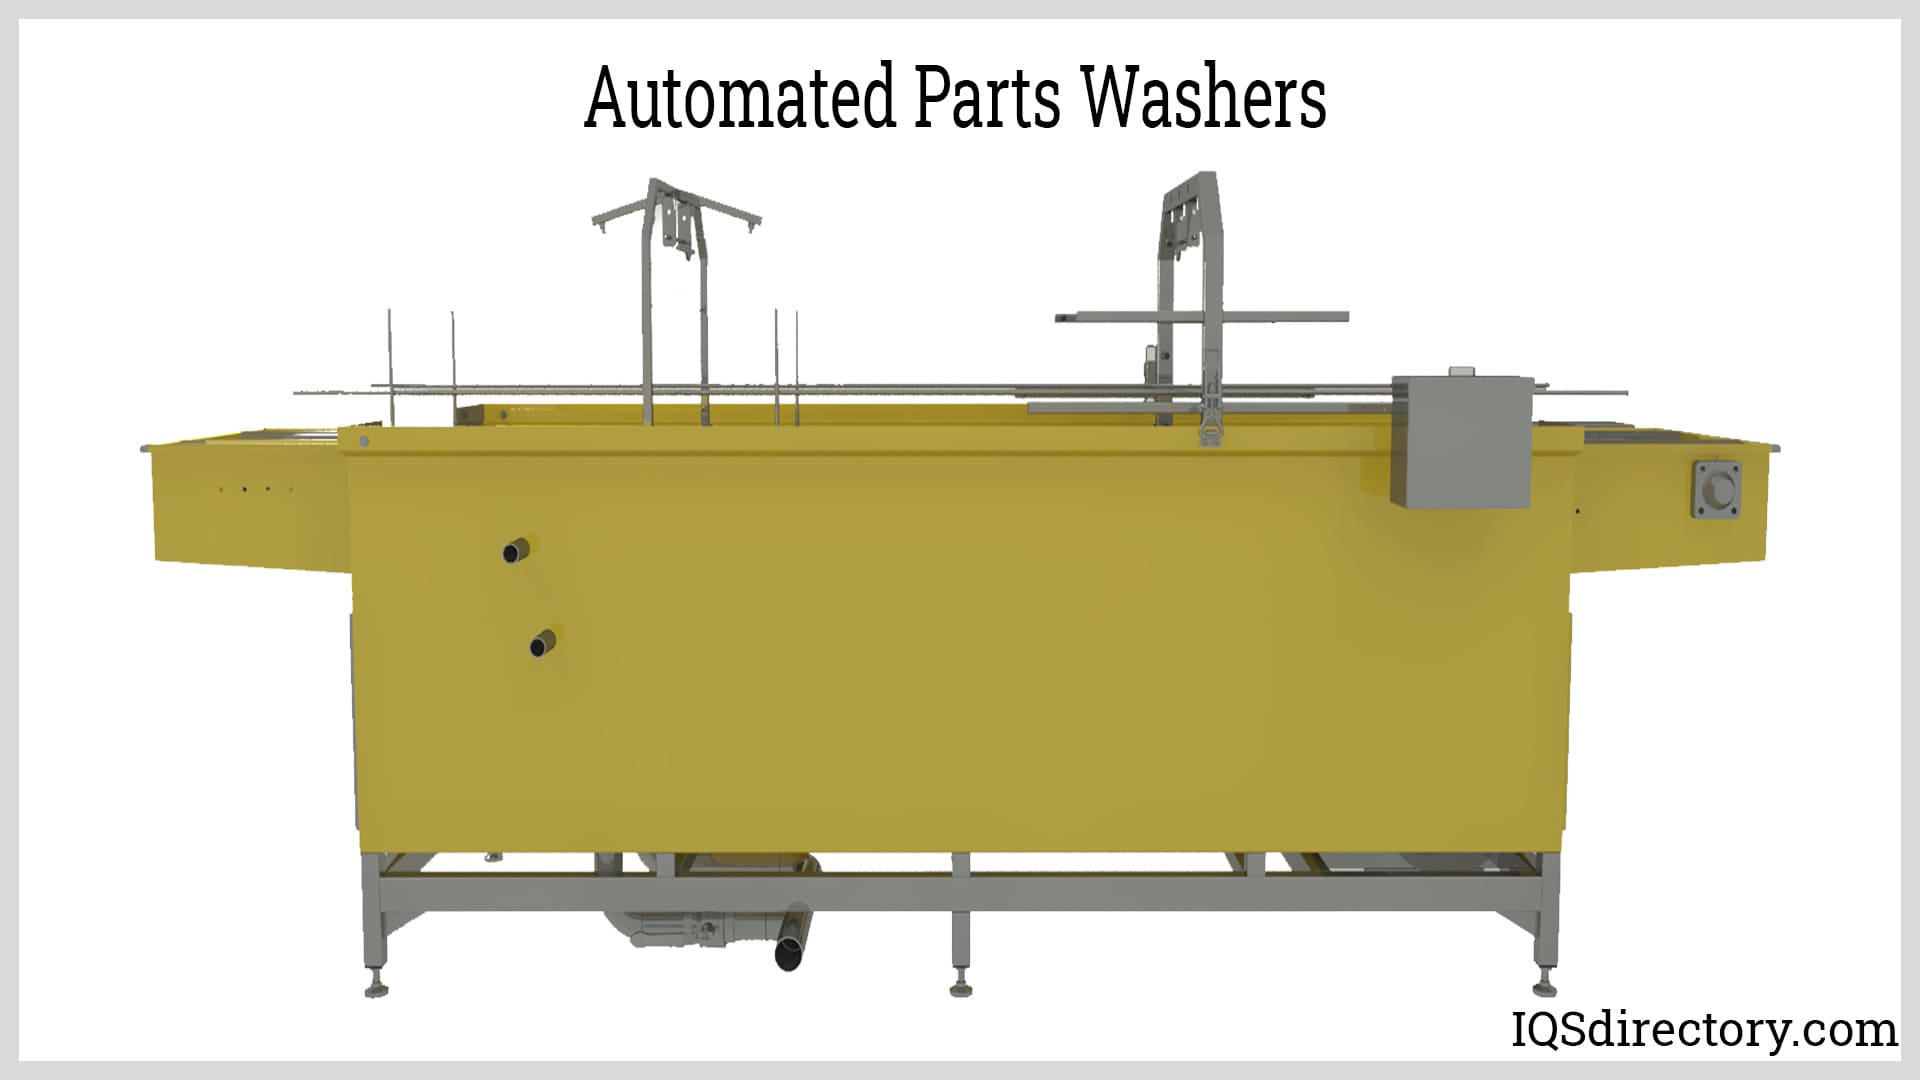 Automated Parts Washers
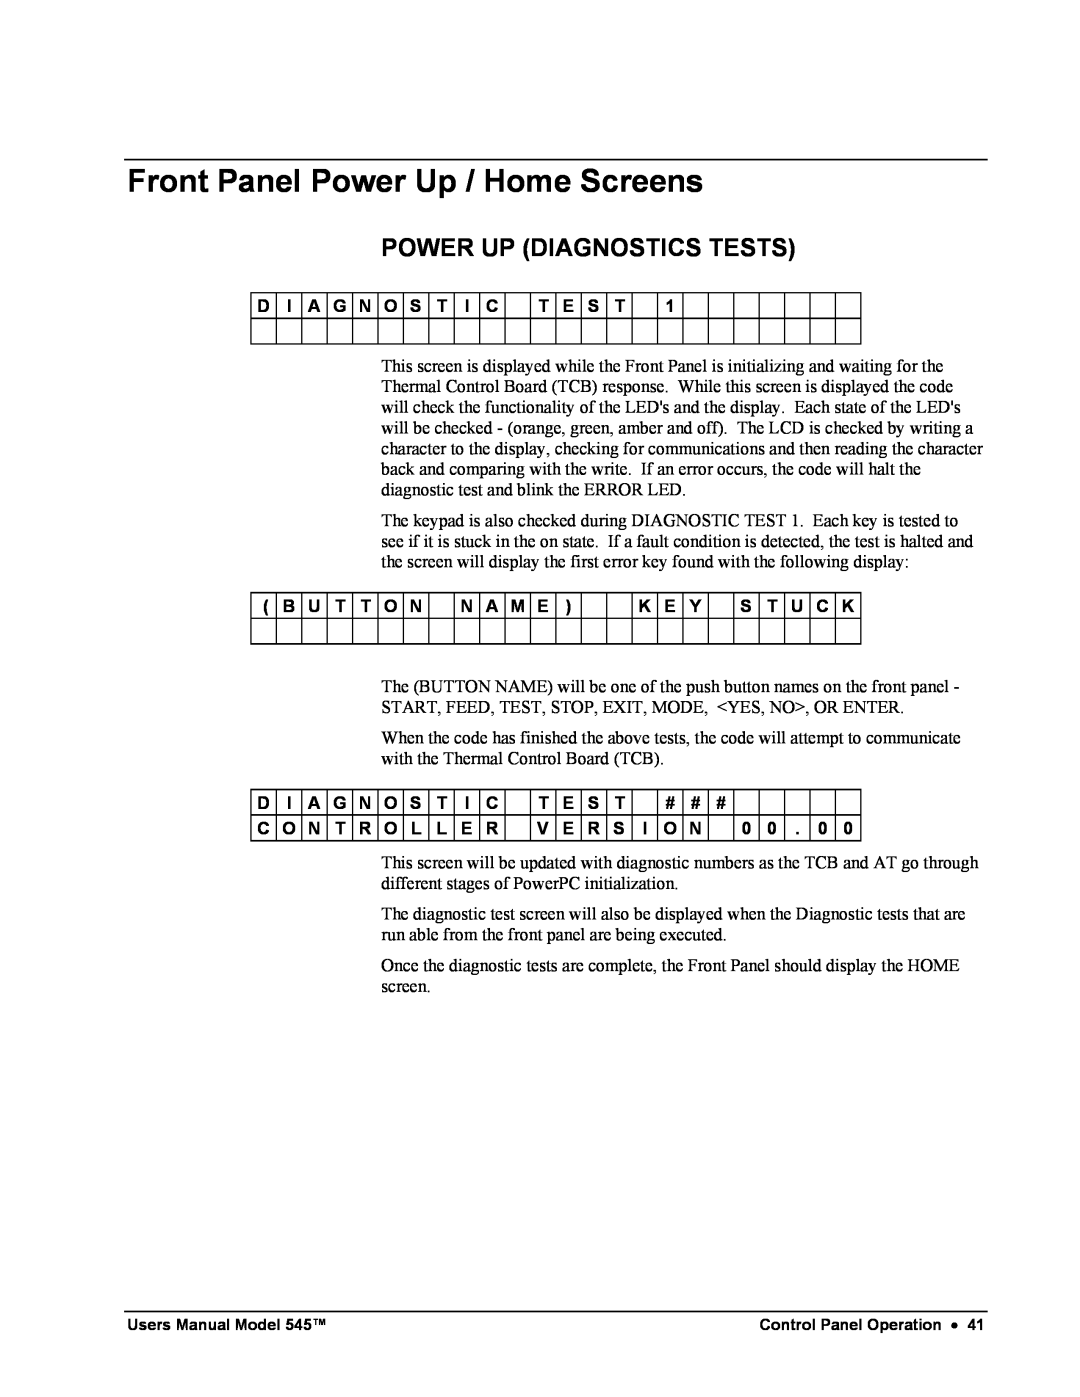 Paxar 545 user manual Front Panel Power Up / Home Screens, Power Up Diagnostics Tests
---
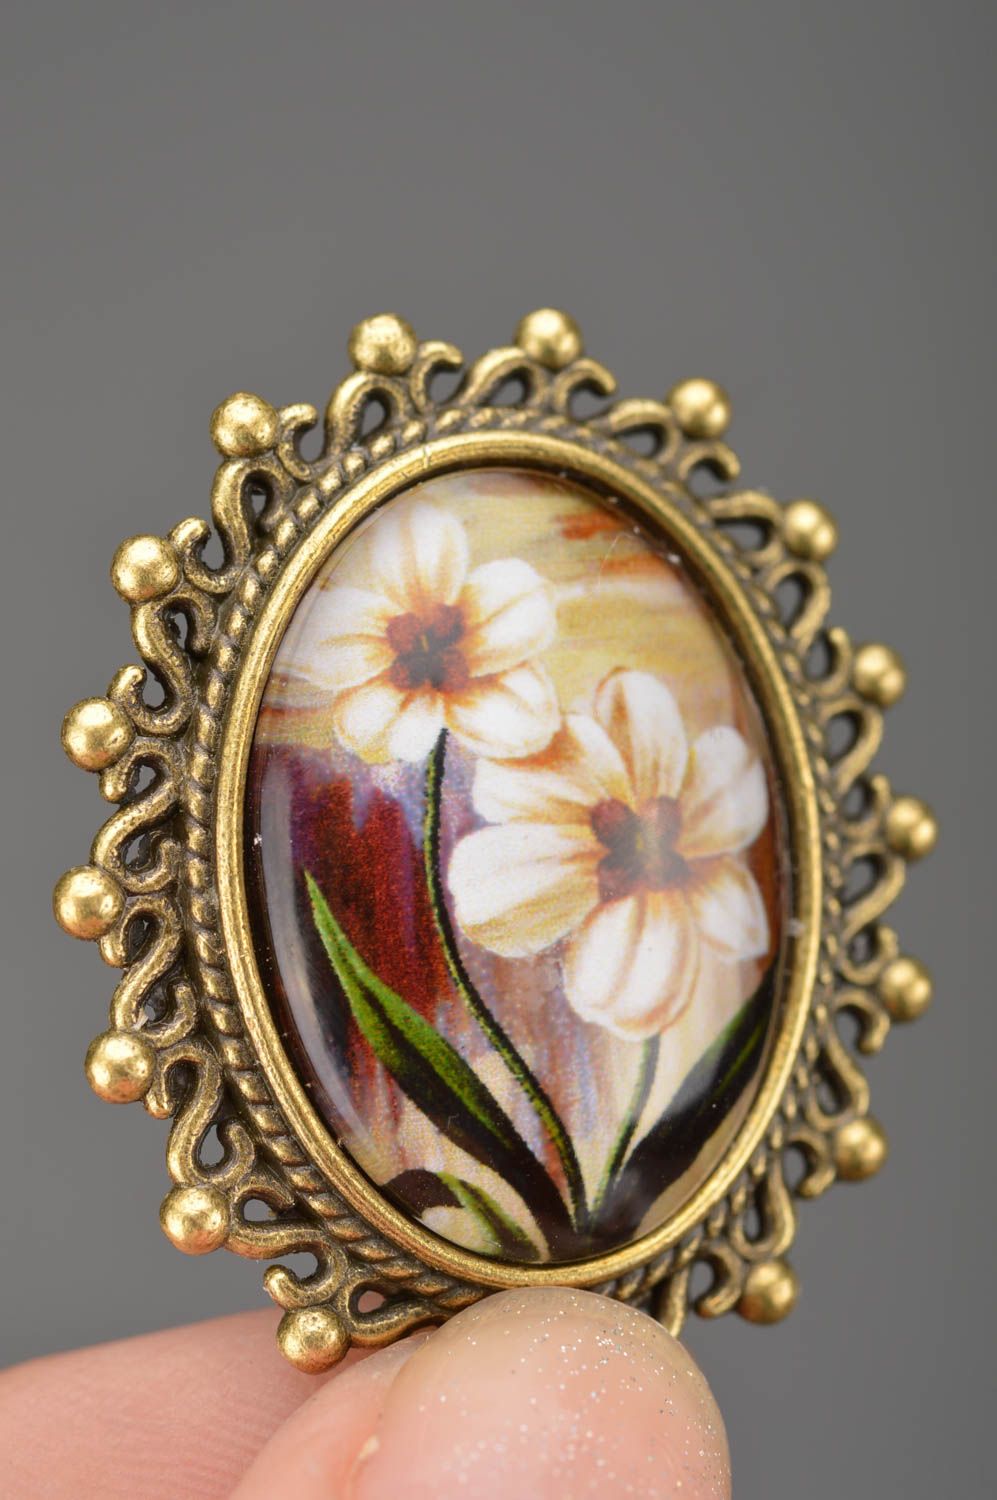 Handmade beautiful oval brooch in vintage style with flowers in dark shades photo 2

_WHAT THIS TASK INVOLVES_. Return exactly the stretch above whose first line contains "Automated Parts Washers" and whose last line contains "Paxar 545 user", and nothing outside it. The pictures should not appear.

_EXERCISE SOLUTION_.
 Automated Parts Washers
 Paxar 545 user manual Front Panel Power Up / Home Screens, Power Up Diagnostics Tests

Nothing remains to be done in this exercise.